EXERCISE DIRECTIONS
Exactly as written, retype the listing below, omitting the pictures.

PROVIDED MATERIAL
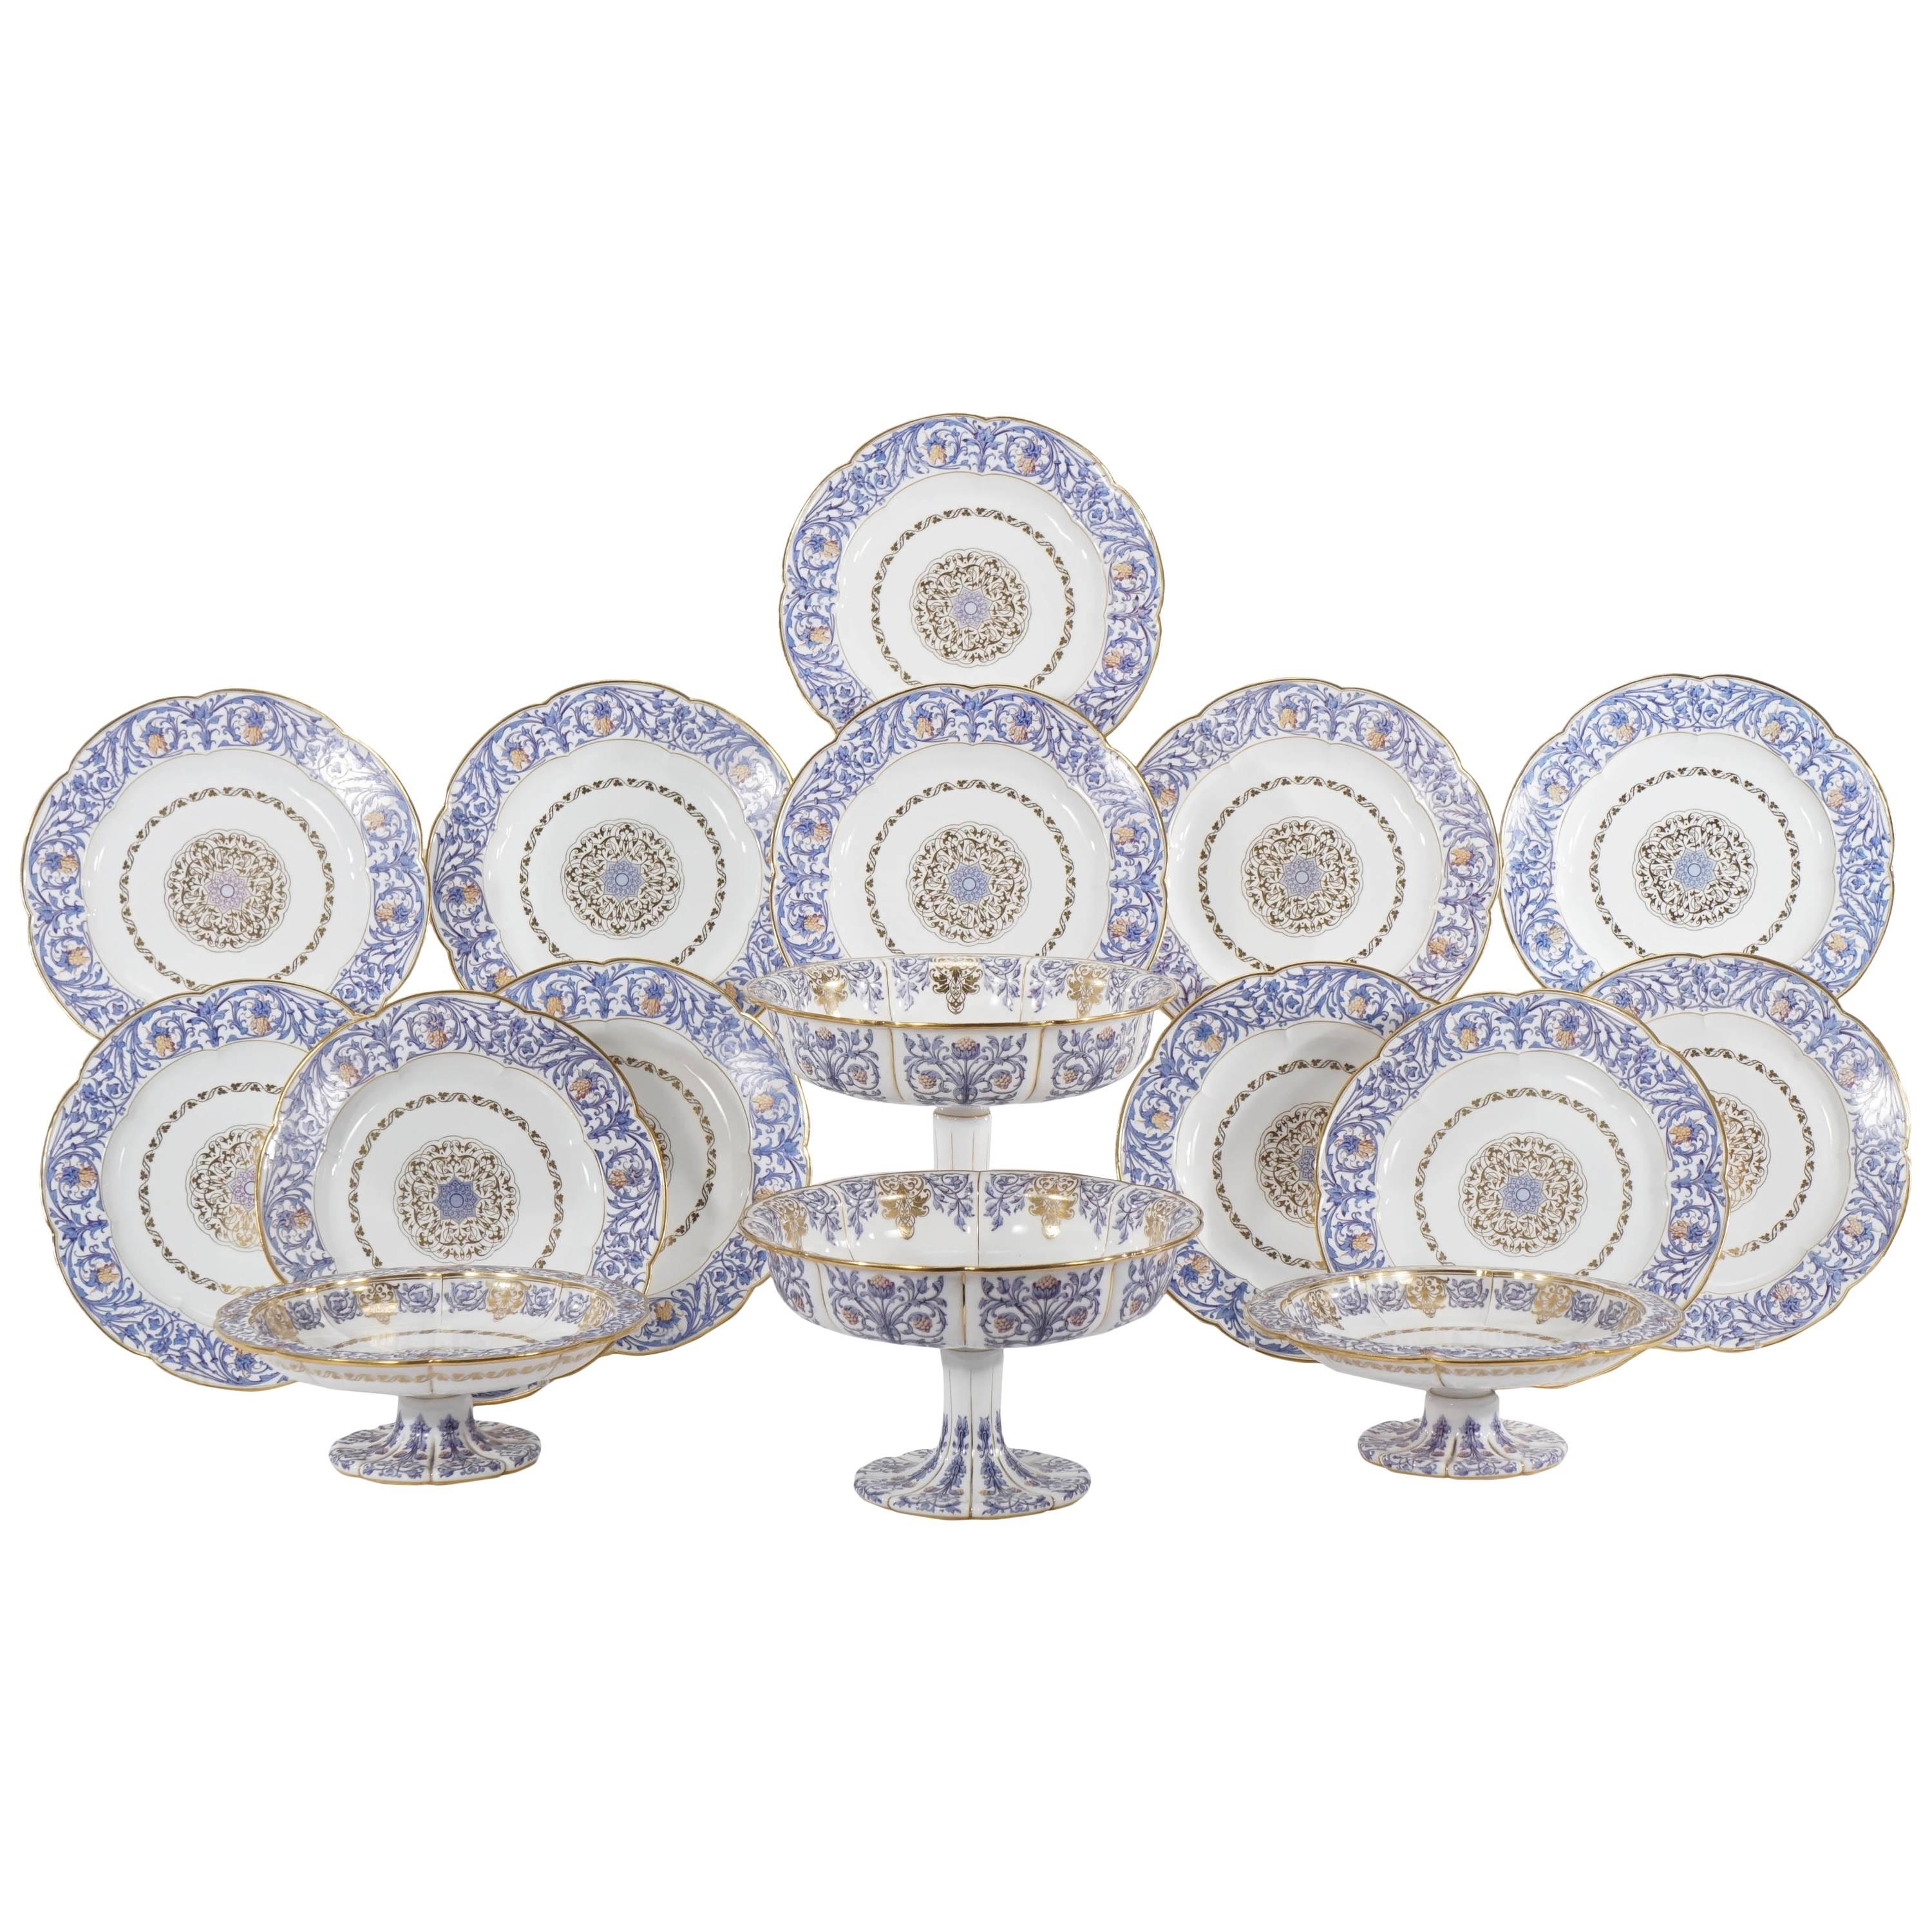 19th Century Sevres Neoclassical Blue and Gold Dessert Service with 16 Pieces
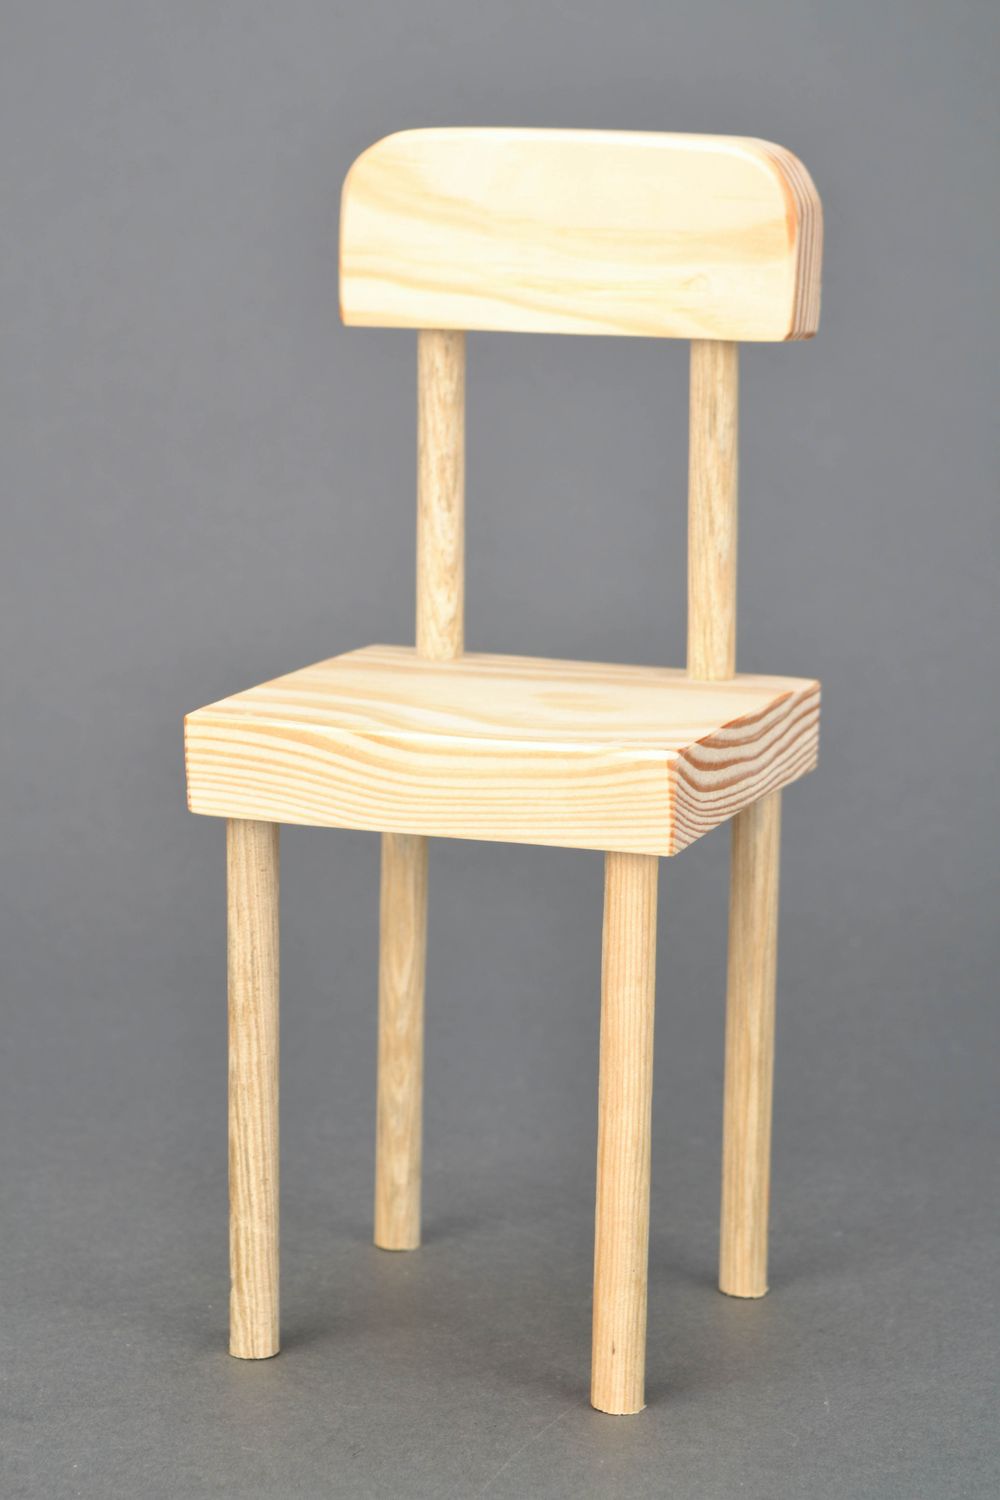 Decorative doll chair made of wood photo 3
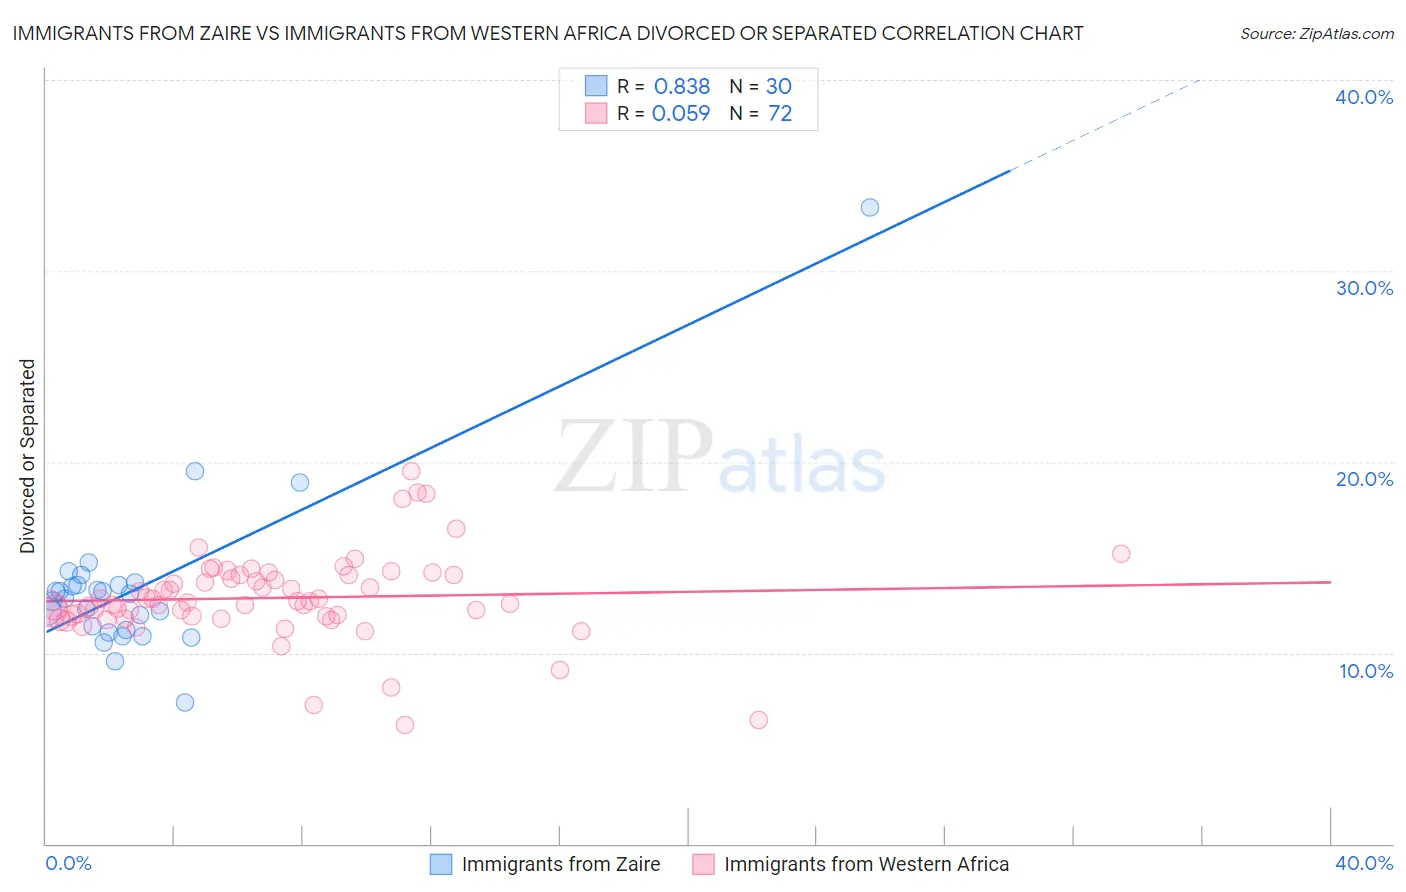 Immigrants from Zaire vs Immigrants from Western Africa Divorced or Separated

WORKED SOLUTION
 19th Century Sevres Neoclassical Blue and Gold Dessert Service with 16 Pieces
 Decorative doll chair made of wood photo 3
 Immigrants from Zaire vs Immigrants from Western Africa Divorced or Separated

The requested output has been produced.